By Afro-Middle East Centre
The 15 February Islamic State group (IS) video showing the beheadings of twenty-one Egyptians raised concerns both about the possibility of the group’s influence growing in Libya (and North Africa more generally), and about the subsequent Egyptian airstrikes inside Libya, ostensibly against IS targets. Condemnation of IS has been widespread; however, Egypt’s attempt to further militarise the Libyan conflict should be equally concerning, and could help grow IS and increase its reach.
The video was another suggestion of increasing IS assertiveness in Libya. In December 2014 the group attacked a military base in the country’s South, killing fourteen soldiers; in January 2015 an attack by IS supporters on the Corinthian Hotel, used by many politicians and diplomats, resulted in the deaths of eight people. However, the publicity given to these operations masks the extent of IS influence and impact in Libya. Competing with larger militant organisations such as the Salafi Ansar al-Sharia in Libya (ASL), and more mainstream Islamist militia such as Fajr Libya (Libya Dawn), IS’s membership numbers a few hundred, which has remained constant over many months. Its links and allegiance to IS in Syria and Iraq are tenuous, making it likely that if IS was defeated in Syria and Iraq, members in Libya will defect to other groups.
The group’s minimal influence was best illustrated in its response to the thirteen Egyptian airstrikes on the town of Darna. There were no retaliatory operations against Egyptian interests in Libya or Egypt; instead, IS set off bombs in the eastern city of Qubba, killing forty-two, and attacked the house of the Iranian ambassador in Tripoli. This retaliation indicates, first, that the group does not possess the capability to project power beyond Libya’s borders. (Thus threats to attack Europe will remain just threats, at least in the short term.) Further, that it was unable to coordinate attacks with the IS affiliate in Egypt, Ansar Bayt al-Maqdis, illustrates that little coordination and tactical links exist between IS affiliates in North Africa. Second, it indicates that the group’s greater focus is domestic. Qubba is the closest town to Darna, which is controlled by renegade general Khalifa Haftar, and the attack on the ambassador’s residence was more related to IS being forced out of Sirte by Fajr Libya.
The international community responded in a measured and balanced manner. While condemning the attacks, the USA, Britain and France stressed that a political solution was required. This despite intercepted letters between IS recruiters which referred to Libya as a ‘gateway’ to Europe. Even Italy, which in 2014 received over 170 000 Sub-Saharan and Middle Eastern refugees through Libya, had revoked its offer to lead a multinational force against IS, and supported a political solution. Wariness over the consequences of Gadhafi’s overthrow, coupled with their own economic sluggishness, has resulted in most foreign countries being disinclined to intervene, especially since efforts are under way to weaken IS in Syria and Iraq.
Egypt, on the other hand, used the beheadings to legitimise activities it had been conducting for a while.

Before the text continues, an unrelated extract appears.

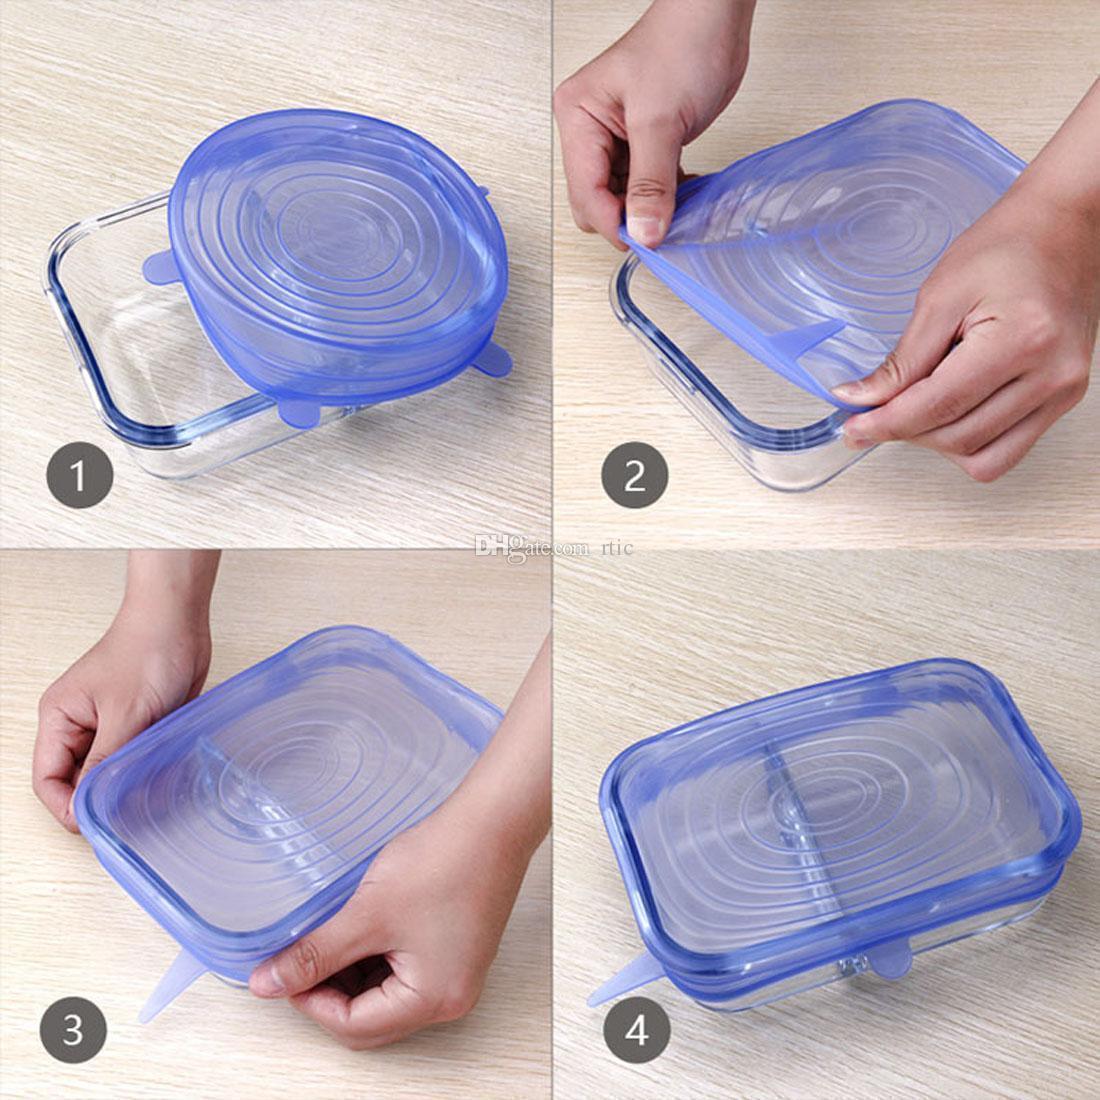 Air Tight Silicone Food Safety Lids (Set of 6)

The Egyptian military regime has attempted to influence Libyan politics from early 2014, because of the attractiveness of Libyan oil reserves, and weapons’ smuggling from Libya into Egypt’s Sinai. Already in March 2014 the Egyptian president, Abdel Fattah el-Sisi, advocated international action in Libya. With the United Arab Emirates, Egypt has also assisted the Libyan government in Tobruk with logistical and intelligence support, in order to weaken the Tripoli-based General National Congress (GNC) government. In October 2014, Egypt conducted airstrikes in Benghazi, deep into Libyan airspace, to support Haftar.
Its recent airstrikes resulted in a number of civilian casualties, and it subsequently called for the United Nations to provide it ‘political’ and ‘military’ support for the strikes. The strikes violate international law, and Egypt’s supplying weapons to the Tobruk government violates the UN arms embargo on Libya. Egypt has therefore called on the UN to lift the embargo. Its requests to the international community were unsuccessful, however, leading Sisi to advocate for the creation of an inter-state Pan-Arab military force. This too is unlikely to occur, with both Qatar and Saudi Arabia sceptical about such moves.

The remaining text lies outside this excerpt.